Source data:
= = = =

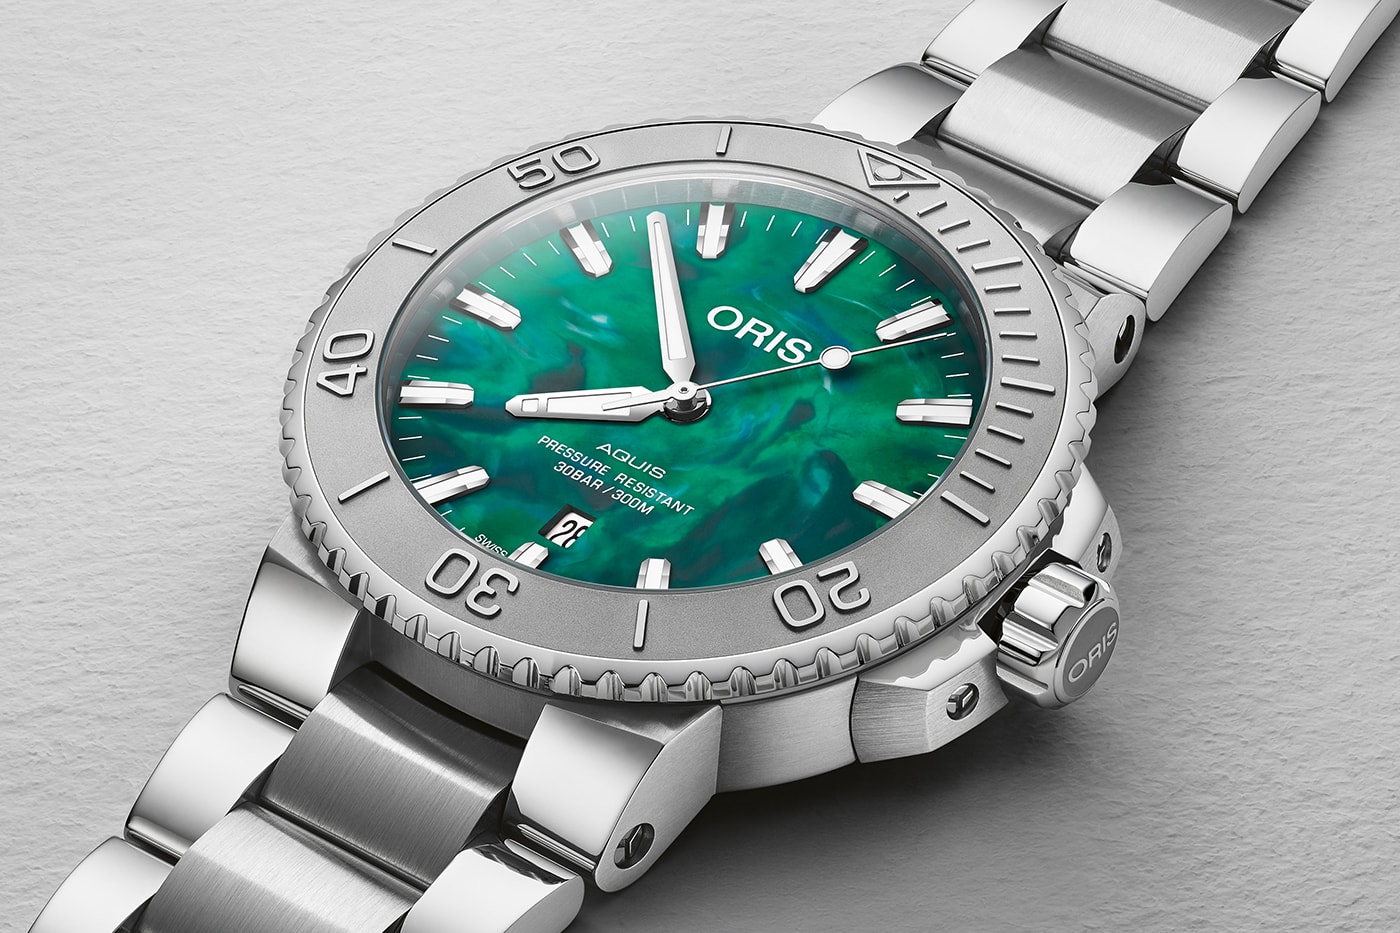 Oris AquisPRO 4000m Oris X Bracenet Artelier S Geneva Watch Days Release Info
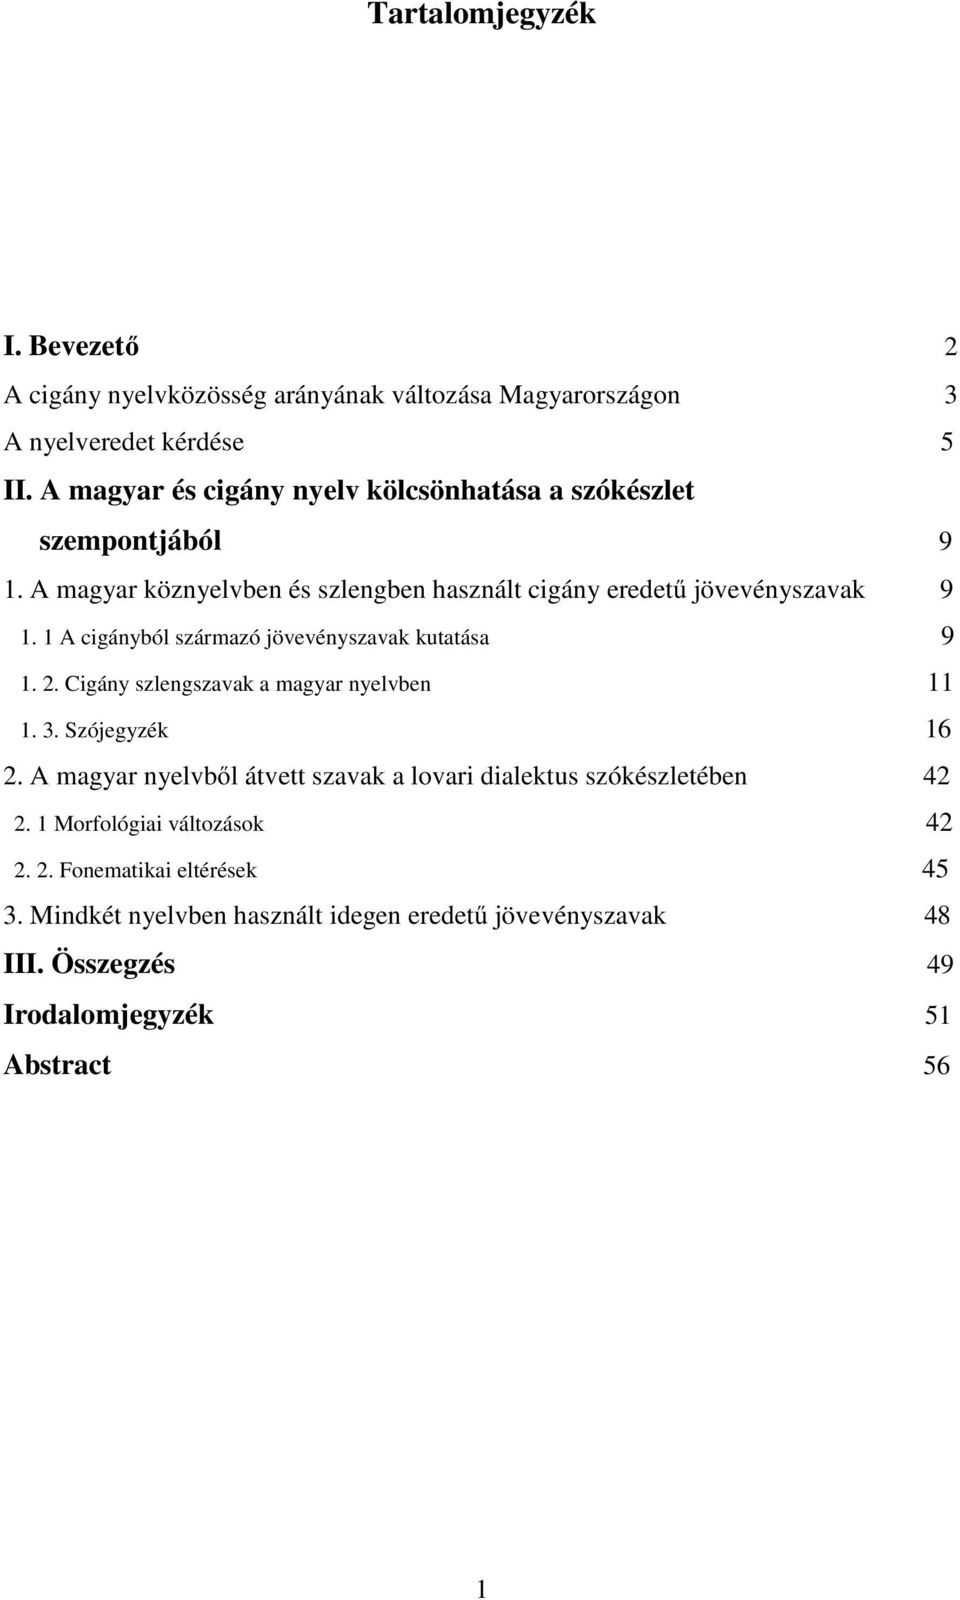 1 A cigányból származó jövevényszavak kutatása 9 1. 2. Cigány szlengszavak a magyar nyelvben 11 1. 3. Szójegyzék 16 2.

= = = =

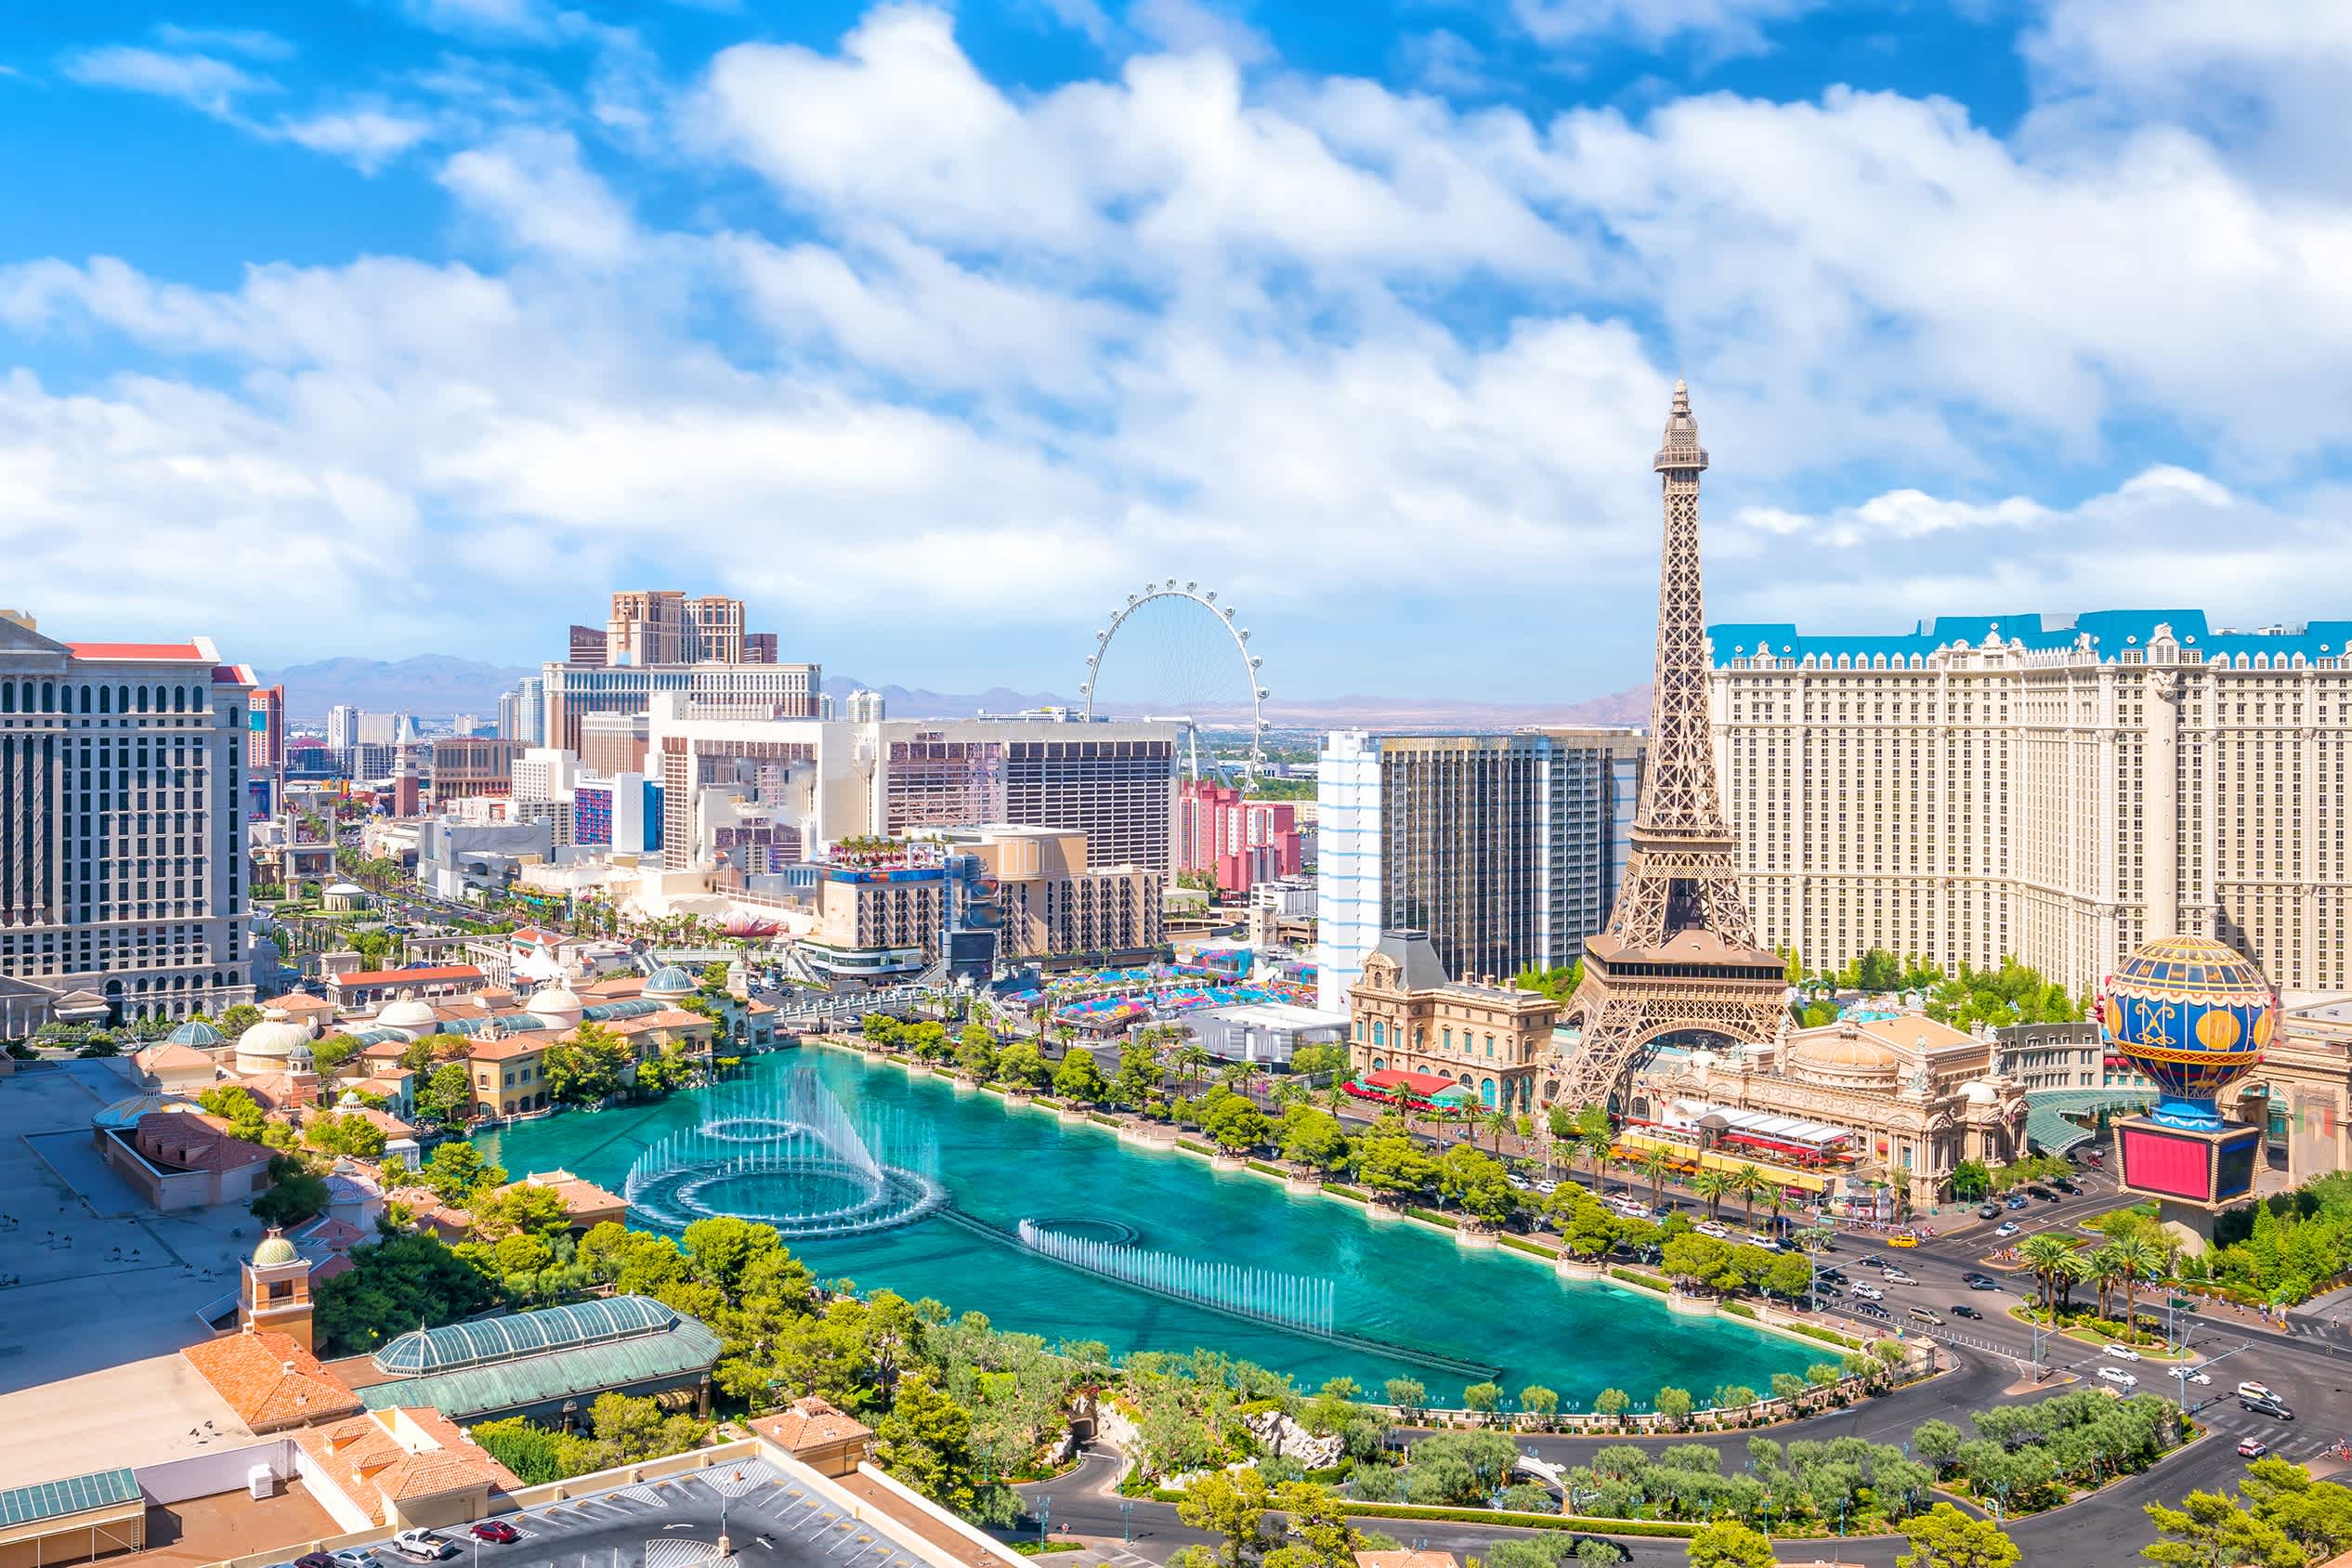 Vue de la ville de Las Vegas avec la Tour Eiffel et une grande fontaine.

= = = =

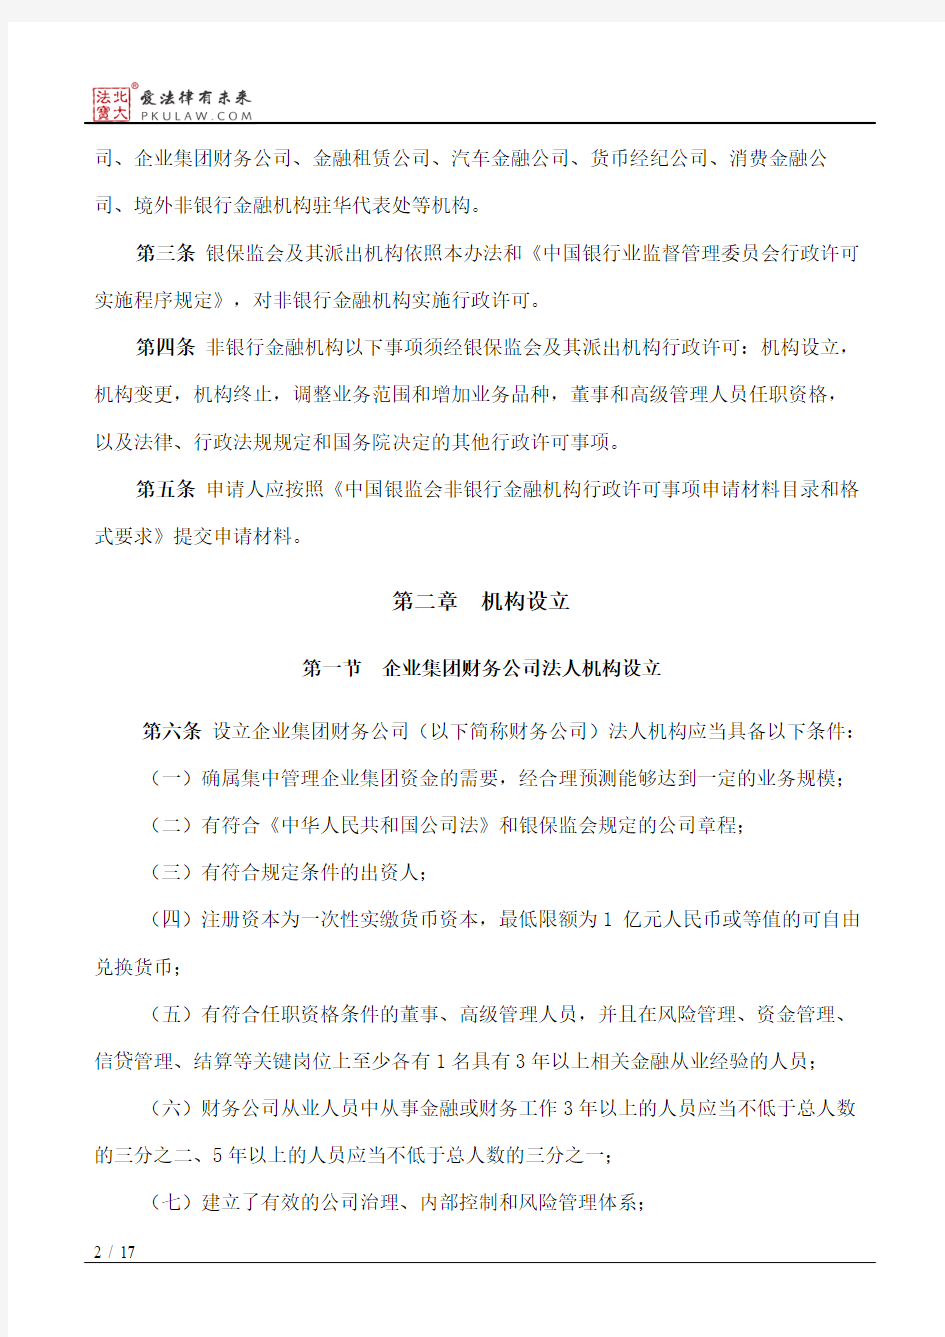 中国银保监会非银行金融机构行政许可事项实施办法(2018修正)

= = = =

Exercise directions:
The stretch to restate runs from the line above containing "Oris AquisPRO 4000m" through the line containing "1 A cigányból". Copy it word for word, ends included, without pictures.

Solution to this exercise:
 Oris AquisPRO 4000m Oris X Bracenet Artelier S Geneva Watch Days Release Info
 1 A cigányból származó jövevényszavak kutatása 9 1. 2. Cigány szlengszavak a magyar nyelvben 11 1. 3. Szójegyzék 16 2.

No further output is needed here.